On the other hand, it follows from the annual reports for MOGAS for 2006-2008 that the company guarantees the obligations of the subsidiary through the performance guarantees, which varies over time and can involve large amounts. These guarantees were not mentioned in the transfer pricing documentation. The High Court did find that these guarantees for the subsidiaries in Algeria and Qatar were controlled transactions and, therefore, should have been determined at arm’s length. Furthermore, the Court found that the time writing provided for the subsidiaries in Algeria and Qatar at cost-price were not at arm’s length but should have been.
The transfer pricing documentation – significantly inadequate?
In assessing whether the transfer pricing documentation was so significantly inadequate that it did not provide the tax authorities with a sufficient basis for assessing whether the arm’s length principle was met—and therefore must be equated with a lack of documentation altogether—the High Court refers to the well-established principles in the Microsoft case from 2019 and the Adecco case from 2020.
In this regard, the High Court emphasizes that the fact that the tax authorities disagree with—or raise justified doubts about—the comparison analysis in relation to MOGAS’ delivery of time writing assistance does not, in itself, entail that the documentation is significantly inadequate. Furthermore, the Court did not find that the Ministry of Taxation had substantiated the significance of a potentially lacking or inadequate function analysis in the documentation for the determination of whether or not the arm’s length principle was met.
Assessment of the arm’s length terms – performance guarantees and time-writing
The High Court finds that the performance guarantees, which are controlled transactions, are not at arm’s length, and further finds that the Ministry of Taxation has substantiated that MOGAS’ supply of time-writing to its subsidiaries at cost-price is, in fact, outside the scope of what could have been achieved had the agreement been made between independent parties.
The Court’s conclusion
Overall, the High Court finds that although there is a basis for conducting a discretionary assessment of MOGAS’ taxable income for the years 2006-2008, the Ministry of Taxation’s assessment is based on a faulty basis and is obviously unreasonable. Consequently, the High Court referred the case back to the tax authorities for a renewed assessment. The same goes for the assessment of APMM’s consolidated income for the years 2006-2008.
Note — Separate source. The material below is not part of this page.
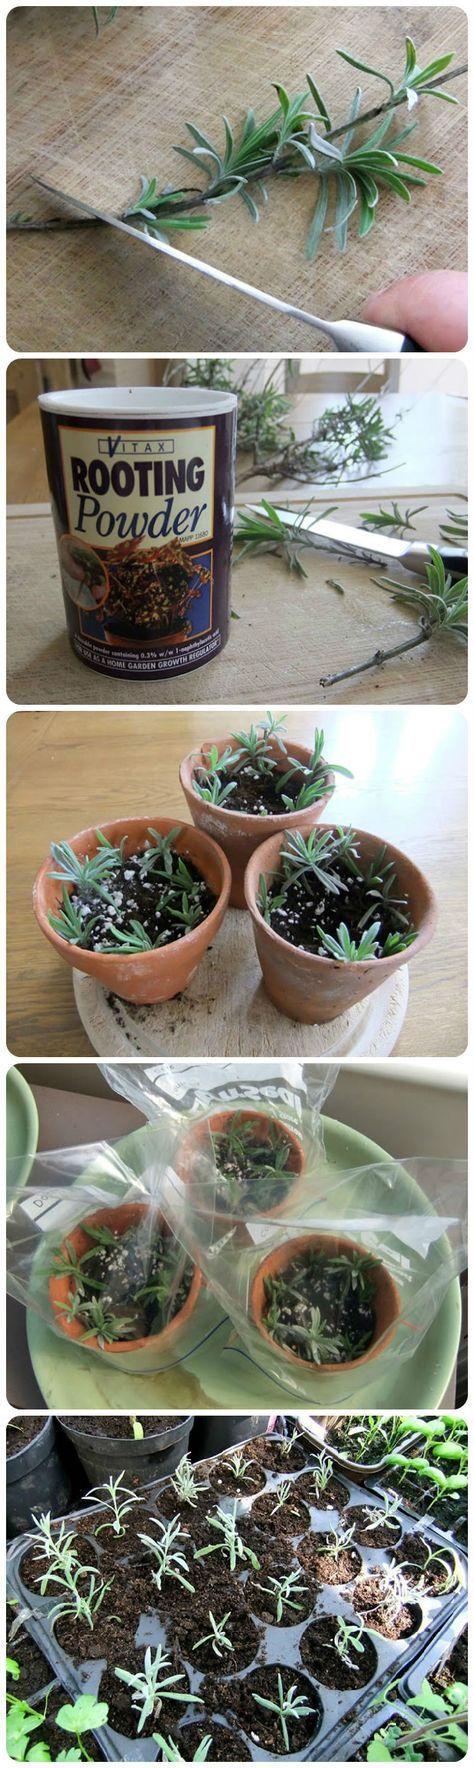 Aprende a propagar la lavanda lavanda plantas y jardiner a - Lavanda cuidados maceta ...

Key takeaways from the High Court ruling
By rejecting the discretionary increase of the taxable income, the High Court adds to a line of cases following the same trend since the Microsoft Supreme Court ruling in 2019.
Essentially, the tax authorities have taken the view that MOGAS’ business model entails that the company will never be able to yield a profit from its activity because of the setup. This notion—that a group entity that is persistently loss-making is an indication of the presence of further controlled transactions—has been tried several times over to the tax administration’s detriment.
The High Court states here, once again, that the fact that MOGAS’ results for the period 1986-2010 have essentially been negative does not, in itself, provide an excuse for the tax administration to conduct a discretionary assessment.
When asked about the Eastern High Court ruling, Vice President and Head of Group Tax at A.P. Møller – Mærsk, Mette Mellemgaard Jakobsen, said:
“ We are pleased that the Eastern High Court has decided to follow the practice established by the Supreme Court, and ruled that our Transfer Pricing documentation was sufficient for SKAT to conclude on the arm’s length principle for the controlled transactions in the years in question.”